Thermal behavior of mercury carboxylates as paintings' degradation products

Mercury long-chain carboxylates have been identified recently as degradation products resulting from saponification occurring in painted artworks. Saponification belongs among the degradation processes endangering undesirably the appearance and stability of painted artworks, significant treasures of humanity. The mechanism of saponification has not been still fully understood because of the enormous complexity of both painting materials and factors triggering the deterioration. Moreover, the properties and stability of metal soaps resulting from this degradation are also poorly understood, complicating the choice of suitable conservation treatment. Relining, a heat-based restoration technique for reinforcing deteriorated canvases, can induce irreversible changes in paint layers, being applied inappropriately.
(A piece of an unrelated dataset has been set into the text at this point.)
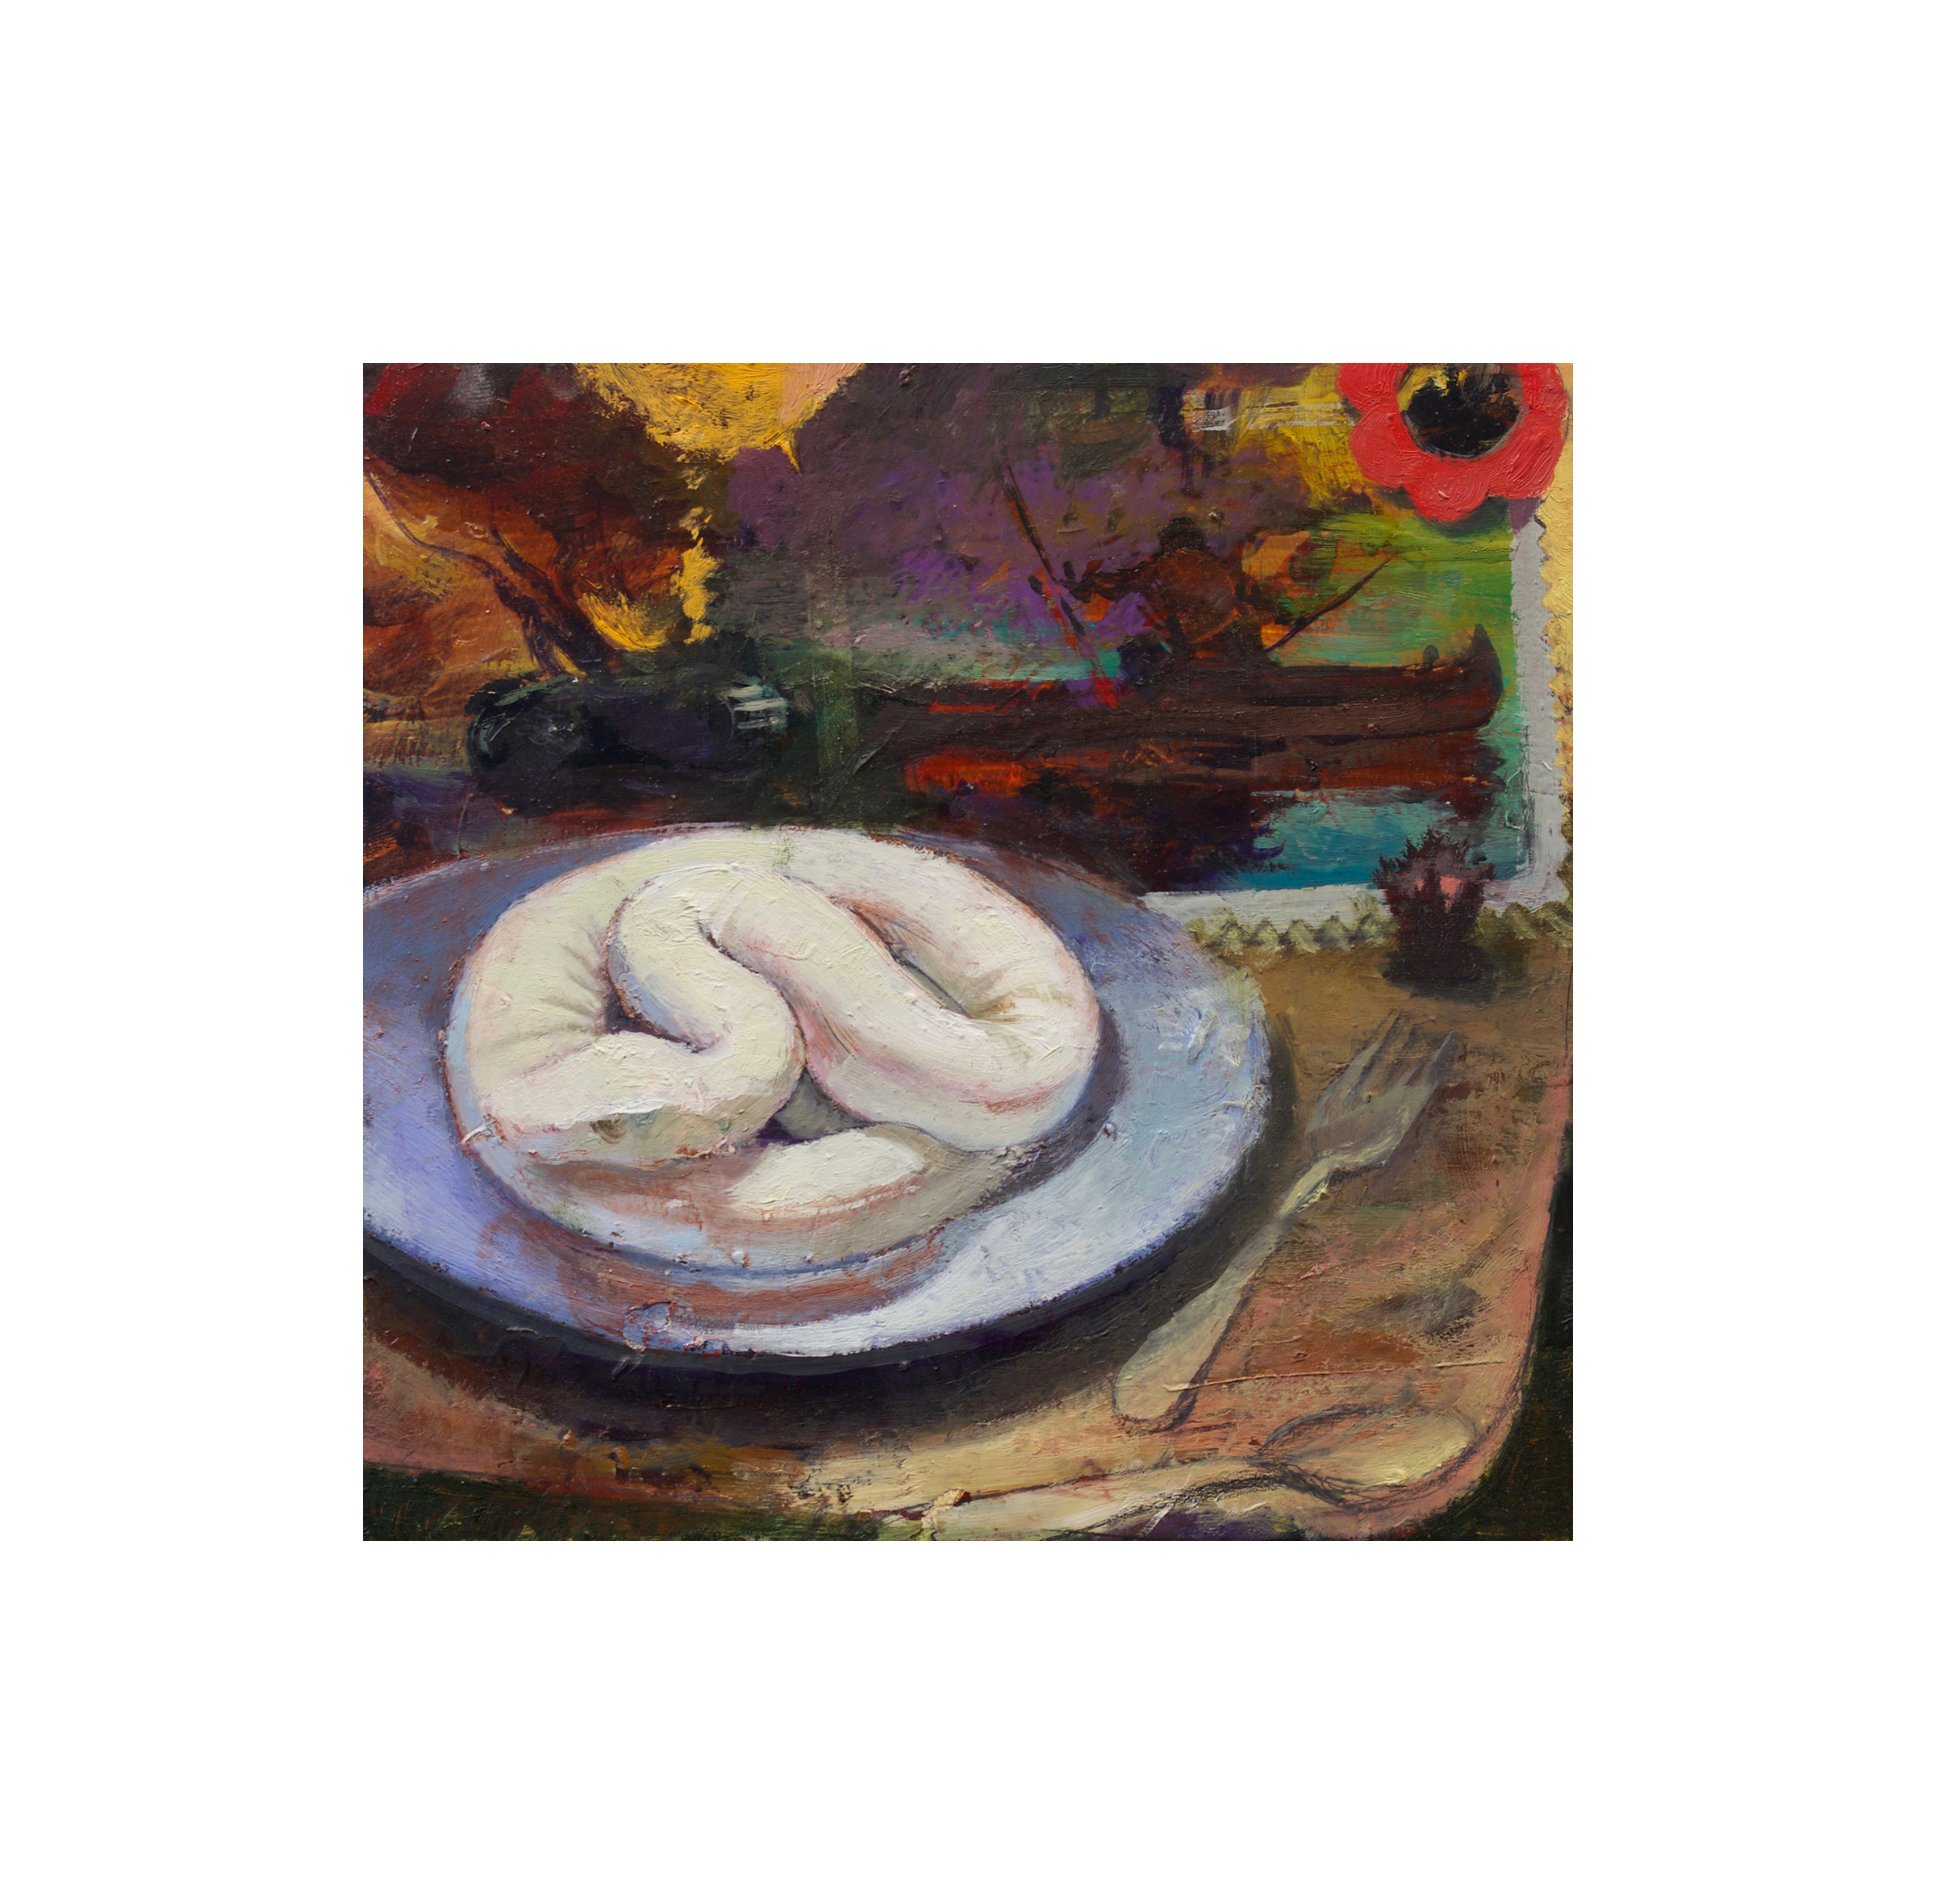   The White Snake , 2017  oil on panel  8 x 9 in.

Within this study, we report thermal behavior and stability of mercury palmitate (Hg(C16)₂), mercury stearate (Hg(C18)₂), and their respective mixtures with linseed oil in the temperature range of 25-150 degrees C, employing a combination of techniques, including DSC, TG-MS, FTIR, XRPD, and in situ high-temperature FTIR and XRPD. It was observed that while Hg(C16)₂ and Hg(C18)₂ undergo partial decomposition around 150 degrees C, in a mixture with linseed oil, they decompose rapidly at significantly lower temperature (around 100 degrees C). The decomposition of mercury carboxylates results in the formation of metallic mercury, a volatile toxic substance, and free fatty acids, reactants capable of further development of saponification in paint layers. In addition, a structural polymorph of Hg(C16)₂ and Hg(C18)₂ with a different arrangement of carboxylate groups around the mercury atom was formed after the heat treatment during the cooling down at ca 120 degrees C as documented by in situ high-temperature XRPD and FTIR.